I was first introduced to this book thanks to a review in The Times – Suckers: How Alternative Medicine Makes Fools of Us All by Rose Shapiro.
The simplest experiment can have the most disturbing result. Type “cure for cancer alternative medicine” into Google and you get 1,900,000 pages. “Cure for cancer chemotherapy” brings up 1,730,000 results. It is an imperfect comparison but it might lead us to infer, wrongly, that alternative medicine has more to offer the cancer patient than conventional medicine.
Complementary and alternative medicine (CAM) is a vast industry that has, despite little or no evidence of effectiveness, ensnared one in three of us. In the UK we spend about £4.5 billion on, for example, homoeopathy, reflexology, herbal medicines, chiropractic and acupuncture.
…In fact, Rose Shapiro argues in Suckers: How Alternative Medicine Makes Fools of Us All, we have got ourselves into a right royal mess over CAM. These therapies — which also embrace such exoticisms as ear candling, cupping, colour therapy, vibrational healing and crystal therapy — remain unproven and unregulated.

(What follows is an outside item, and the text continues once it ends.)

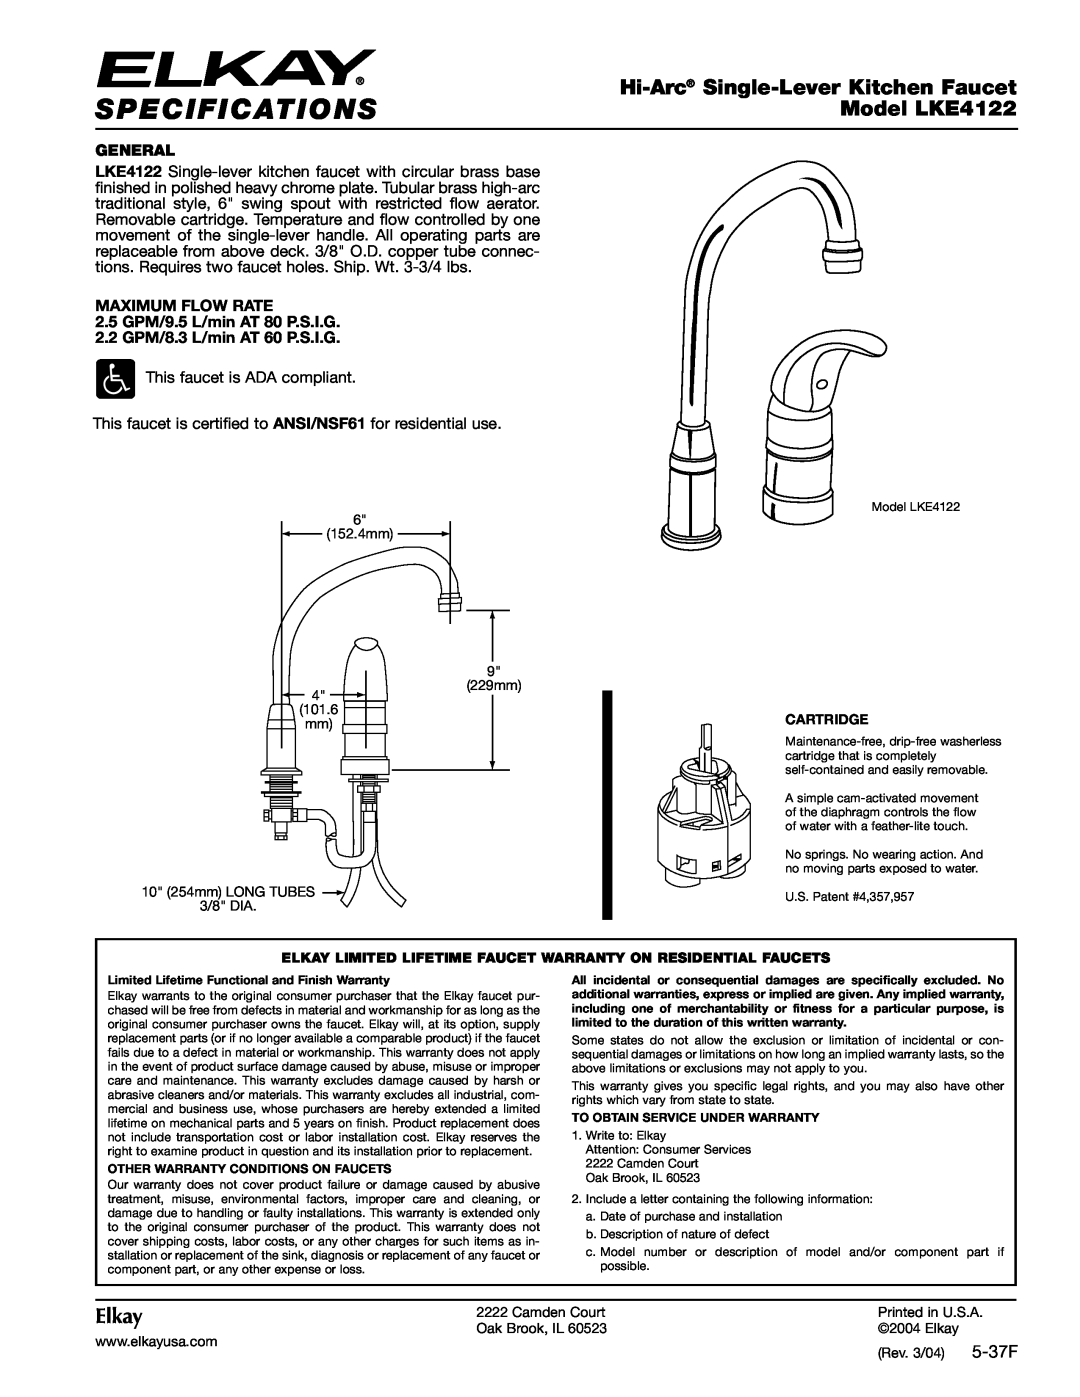 Elkay specifications Specifications, Hi-Arc Single-LeverKitchen Faucet, Model LKE4122, Elkay, 5-37F, General, Cartridge

Brilliant! I zipped out and got myself a copy – you can read an extract yourself thanks to The Times, featured here.
One of the reasons why I’m interested in this topic, apart from the relevant reading it makes for study purposes, is because a much-loved in-law relative of mine was diagnosed with malignant brain cancer last December. One of the books they had on their shelves was called “When Healing Becomes A Crime” by Kenny Ausubel.
Sorry but there was just no way that I was going to have that book uncritically touting ‘alternatives’ like John Holt’s radio-wave claims (‘…no scientific evidence to support the use of microwaves in treating cancer, either alone or when combined with other therapies‘) or Harry Hoxsey’s Tijuana herbal root beer float to them unchallenged when their serious condition was already being treated by the hospital. As one of the reviews (the only one that is negative about the book! Let’s get writing in!) on Amazon says: “The central meaning of the story” is not Hoxsey’s “quest for an investigation” as Ausubel claims, it is fraud, plain old – good old – 19th century American snake oil fraud and it is a terrible shame that Ausubel has wasted 20 years of his life trying to make a heroes out of the crooks who orchestrated it. I now have that book on my shelves and look over it on occasion to remind myself of what a range of claims there are and what arguments are put forward in quackery-texts.
Which is why a modern book like Suckers, that has a straight-forward style and plainly deals with the main issues is so useful – there’s just so much that appeals about alternative claims when you have a serious condition. There’s some great breakdowns of homeopathy, the seriously dodgy ear-candling (I plead guilty to removing a ‘summary’ of this that was popped onto the staff-notice-board as a health tip – you get enough wax in your ear as it is!) and bio-energy mechanics. It’s well-structured, up to date and not too overwhelming in technical talk – and most importantly impassioned and powerful:
How to Spot a Quack
The Oxford English Dictionary defines a quack as someone who is an “impostor in medicine.” Spotting quackery is easy once you know the signs.
A quack will:
Treat only chronic conditions such as fatigue, backache and food intolerance. Practitioners avoid competing with mainstream doctors, so you won’t find Chinese herbs or reflexology being used to treat a broken leg or heart attack.
Use disclaimers. It protects them from legal action when their methods fail.
Tell you that you may get worse before you get better. Mainstream medicine rarely causes the primary symptoms to worsen.
Claim there is a cure for your condition, but your doctor won’t tell you because it will undermine their authority.
Say that the roots of the treatment lie in “ancient wisdom.” But this doesn’t mean it works.
Have a “success rate” of around 80 percent. It’s not too high a figure to be thoroughly unbelievable, yet high enough for the needy to find irresistible. But you won’t find details of who the people are in that 80 percent — they don’t even have to exist.
Be keen to stress your individuality. He will tell you that even if a remedy is useless for others, it might still work for you.
When a site like Quackometer is shut down for questioning homeopathic claims, it’s good to know that print texts are still going to question what is clearly plain bad, let alone unmedical.
Which reminds me – Bad Medicine: Misconceptions and Misuses Revealed, from Distance Healing to Vitamin O by Christopher Wanjek is another favorite that I recommend, but it’s a few years old now, so it’s great to add this newer text to the list. I would also suggest seeking Trick or Treatment? : Alternative Medicine on Trial by Simon Singh and Edzard Ernst – it’ll be out in April and I’ll be grabbing a copy of that too!